# More Fluffs at NMR



## maggieh (Dec 16, 2007)

Northcentral Maltese has taken in larger than usual number of fluffs in just the past few days - here are some of them. Some came from a mill, so they are in need of some very special homes.

Butch


Cookie


Cricket


Sparkle


Houston


I've just posted a "Last Chance" for quilt raffle tickets, so if you are looking for an easy and inexpensive way to help these fluffs, that's a great way to do it.


----------



## Katkoota (Feb 18, 2006)

Awwwh they all look precious. I hope they find great forever homes soon.


----------



## Furbabies mom (Jul 25, 2011)

Hoping and praying they all find forever homes!!


----------



## sherry (Jan 4, 2013)

I wish I could take one! Prayers for furrever homes!


----------



## maltese manica (Nov 6, 2012)

I hope more people step up to foster these babies or others that need a loving home!!! And Yes I do as well pray for them to find forever loving homes


----------



## Zoe's Mom88 (Apr 25, 2011)

All except Butch look so sad.
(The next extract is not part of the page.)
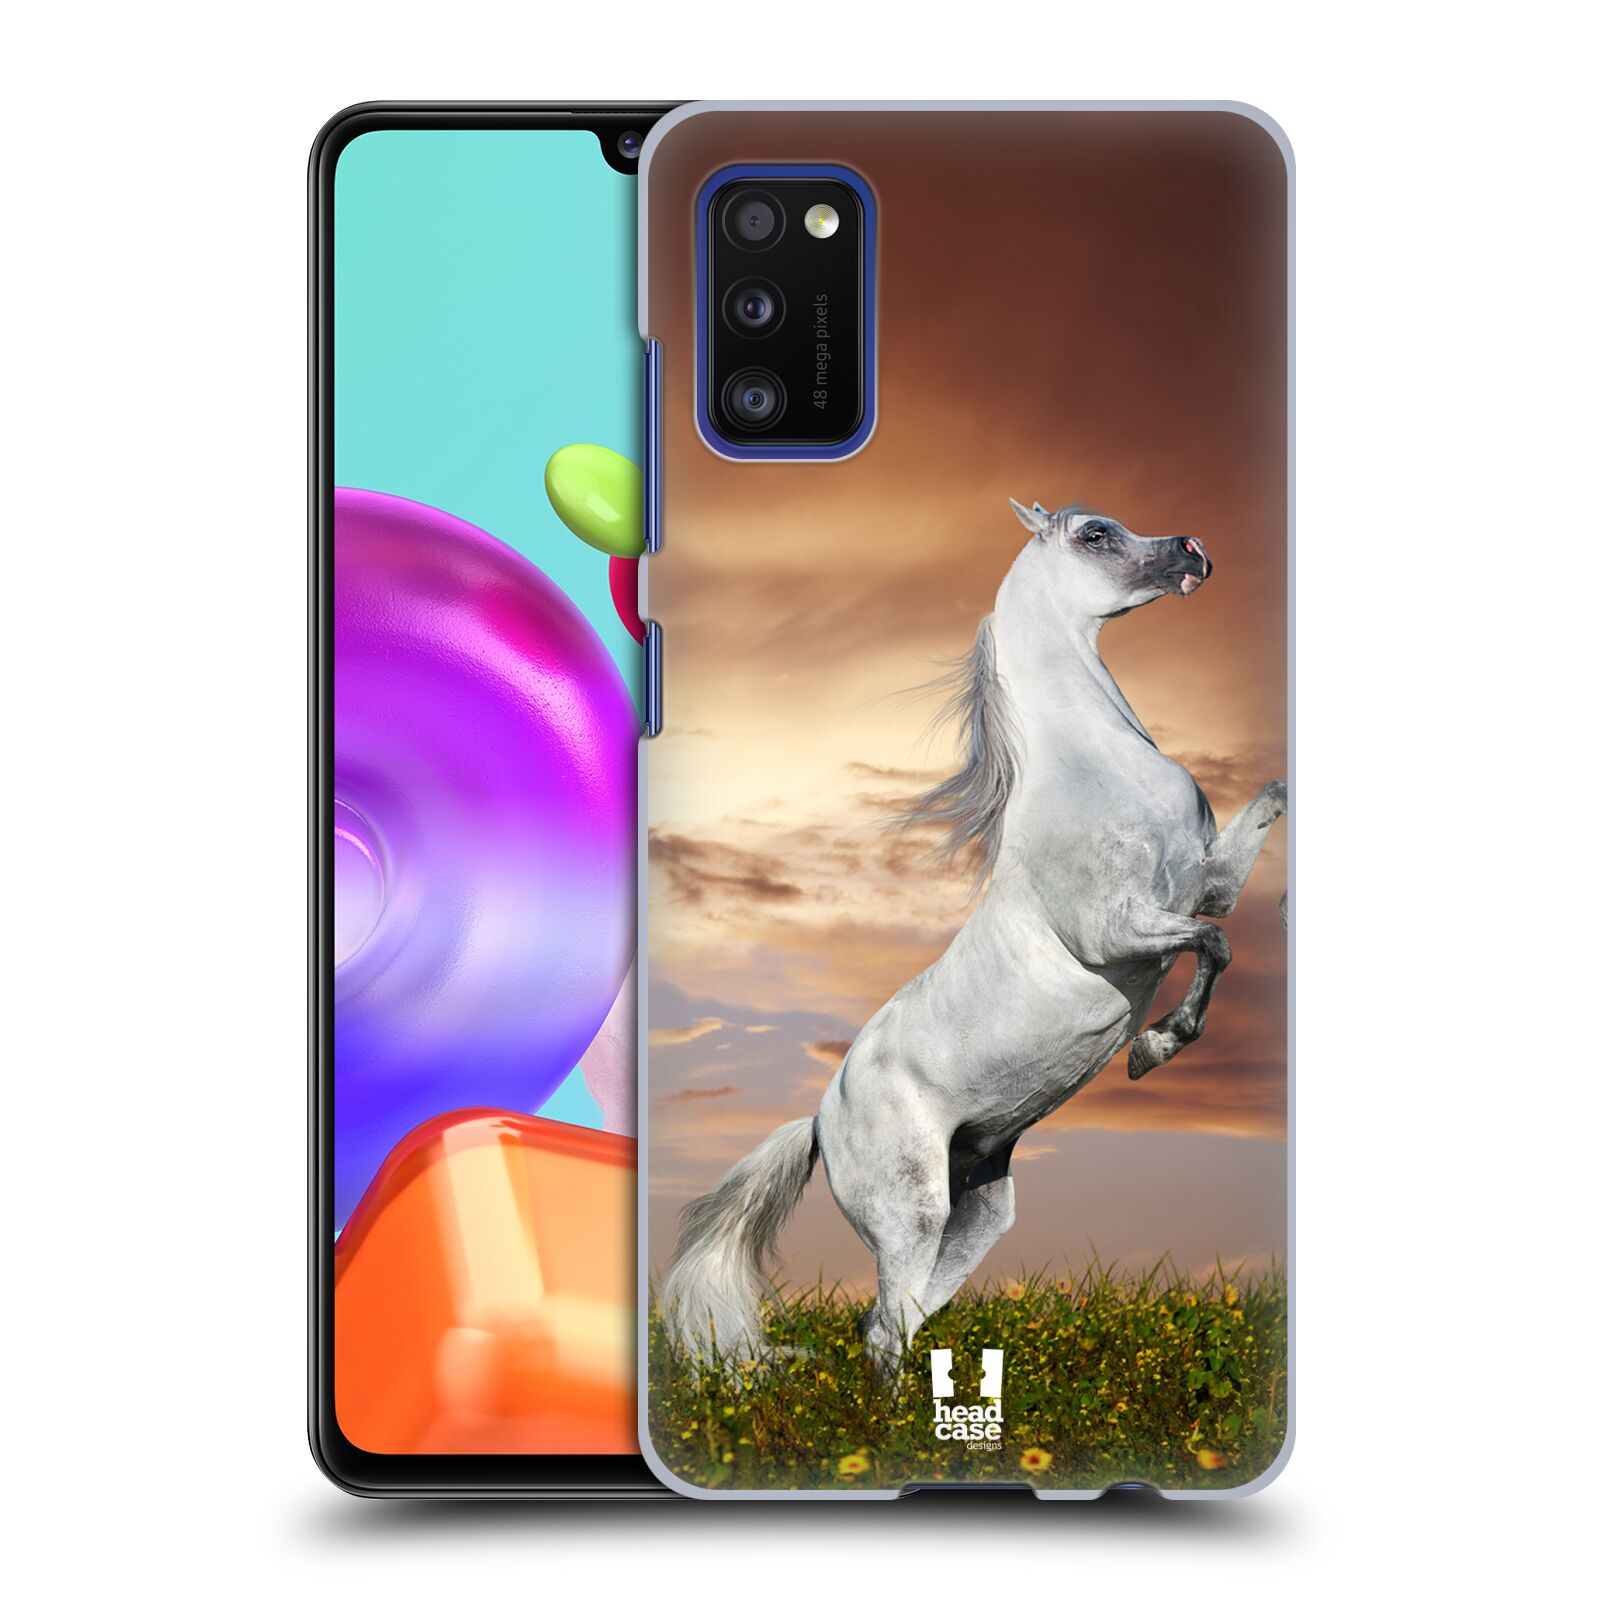 Zadní obal pro mobil Samsung Galaxy A41 - HEAD CASE - Svět zvířat divoký kůň

My heart breaks for them. I pray they find a home and learn what it is to be loved and cared for.


----------



## michellerobison (Dec 17, 2009)

Aww they're soooo cute... OMD! They're going to find homes fast.
Leona, the one in Ft Wayne Indiana that was up for adoption was adopted into her furever home so this happily leaves a bit of room in homes for fluffs...


----------



## Maglily (Feb 3, 2009)

:wub:they're all adorable


----------



## CorkieYorkie (Apr 10, 2012)

So precious :wub:


----------



## maggieh (Dec 16, 2007)

Good news - Mary posted last night that Cricket will be going to a fur-ever home this weekend! Her new daddy will be flying in from Georgia to pick her up!


----------



## Furbabies mom (Jul 25, 2011)

maggieh said:


> Good news - Mary posted last night that Cricket will be going to a fur-ever home this weekend! Her new daddy will be flying in from Georgia to pick her up!


:chili::chili::chili:


----------



## Cassievt (Apr 24, 2013)

It makes me so sad just looking at these fur babies. The people who do these things to animals can't be human. Where are these Maltese shelters located?
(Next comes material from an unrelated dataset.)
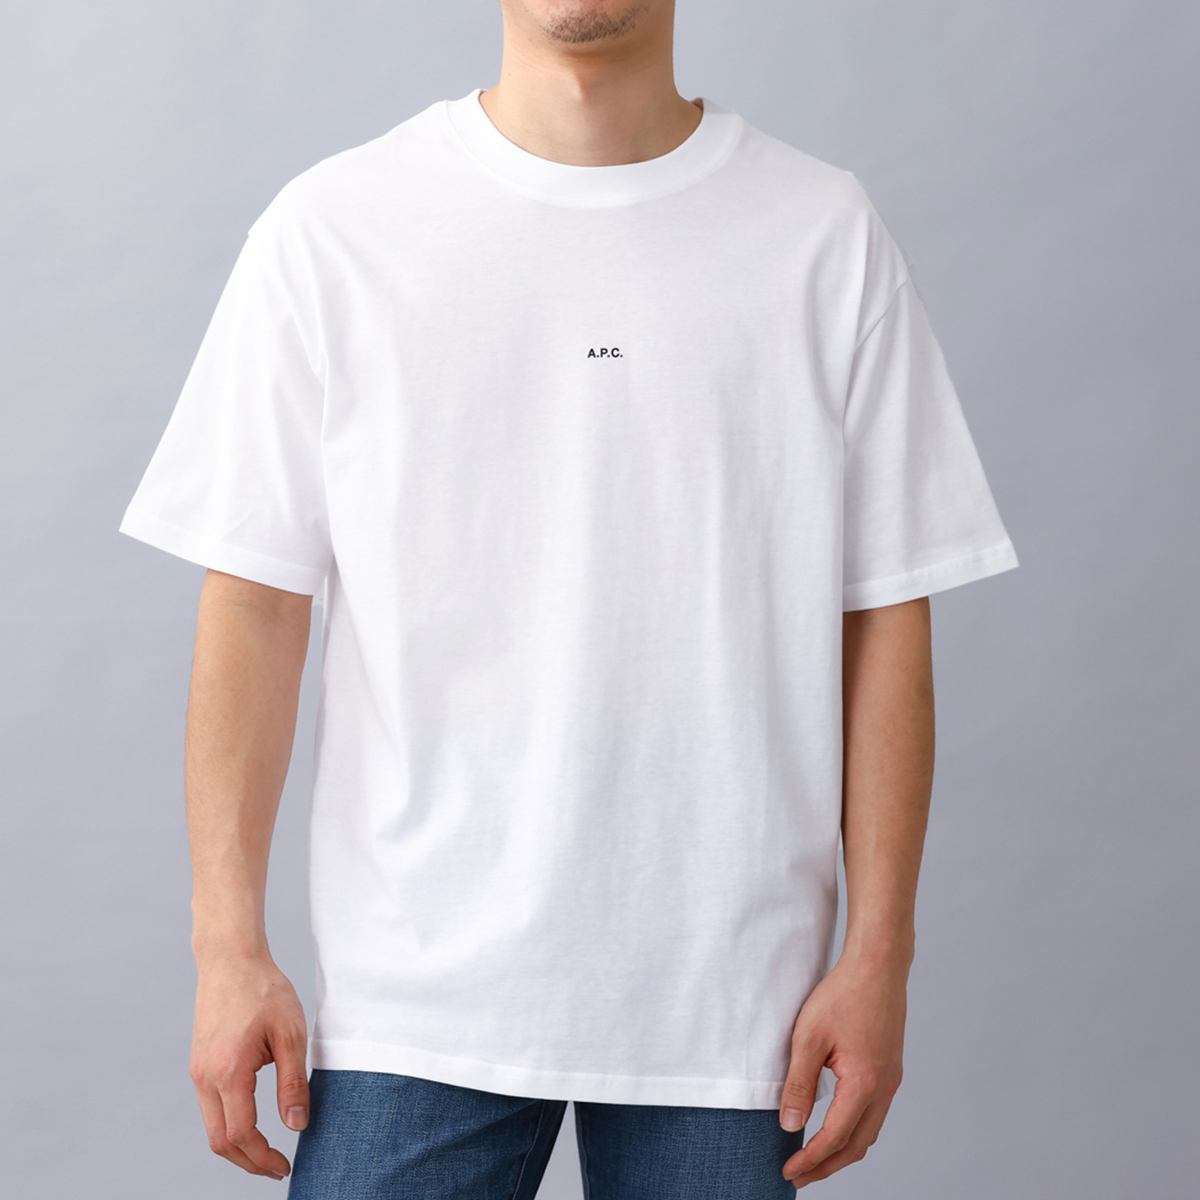 アーペーセー A.P.C. メンズTシャツ Tシャツ コットン ロゴ クルーネック ホワイト H26...

Sent from Petguide.com Free App


----------



## maggieh (Dec 16, 2007)

Cassievt said:


> It makes me so sad just looking at these fur babies. The people who do these things to animals can't be human. Where are these Maltese shelters located?
> 
> 
> 
> ...


All of the babies available through Northcentral Maltese Rescue are in foster homes, primarily in the Midwest but a few elsewhere. Once they've received any needed vet care including spay/neuter and dental if necessary, they go to foster homes, where they work on housebreaking and socialization.


----------



## Maglily (Feb 3, 2009)

Yay for Cricket!! and thanks for the rescue raffle quilt ticket reminder


----------